Mr Trump said that his administration would support the relocation and resettlement of “Afrikaner refugees escaping government-sponsored race-based discrimination, including racially discriminatory property confiscation.”
The White farmers in South Africa are believed to wield significant economic influence, owning swathes of land that even the Black locals —-after over 30 years of the end of apartheid—- cannot afford.
The majority Blacks in the African country only own a tiny fraction of land in the African nation as opposed to the acres of lands owned by the minority Whites.
South Africa’s President Cyril Ramaphosa in January signed the Expropriation Bill into law to provide government the right to seize lands without compensation under certain conditions where it is “just and equitable and in the public interest.”

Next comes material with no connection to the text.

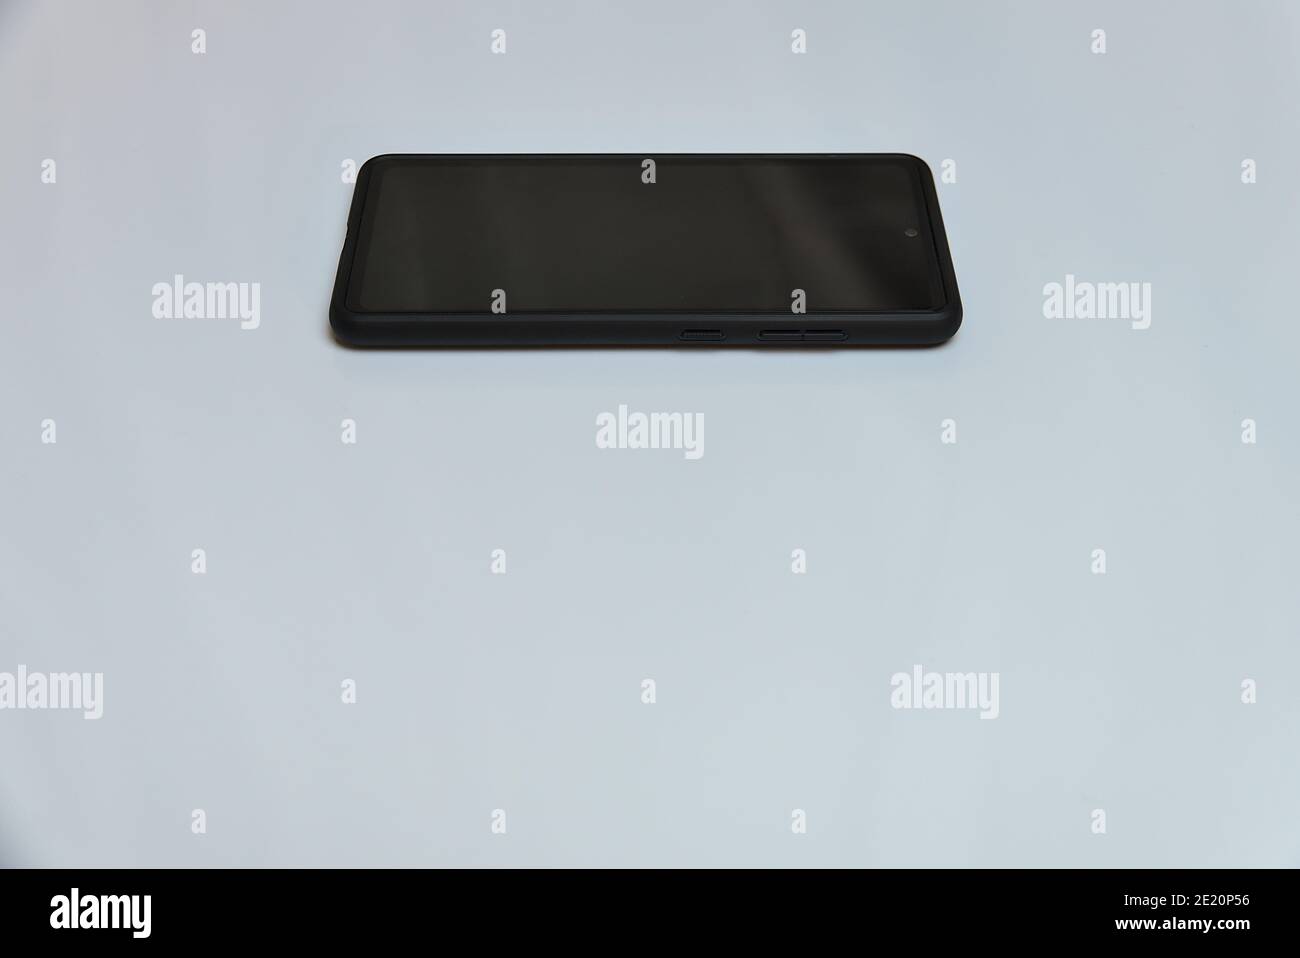 Smartphone mobile noir isolé sur fond blanc avec espace de copie Banque D'Images

The U.S. president further highlighted South Africa’s perceived hostility towards the U.S. and its allies, primarily, Israel, stressing the African nation filed a suit at the International Court of Justice in the Hague alleging genocide against Hamas.
“South Africa has taken aggressive positions towards the United States and its allies, including accusing Israel, not Hamas, of genocide in the International Court of Justice, and reinvigorating its relations with Iran to develop commercial, military, and nuclear arrangements,” Mr Trump said in the order.
Mr Trump has continued to sign a flurry of executive orders since he was inaugurated on January 20 which includes cancelling foreign aids, revoking birthright citizenship and Joe Biden’s security clearance.
Some of his executive orders have been challenged in court.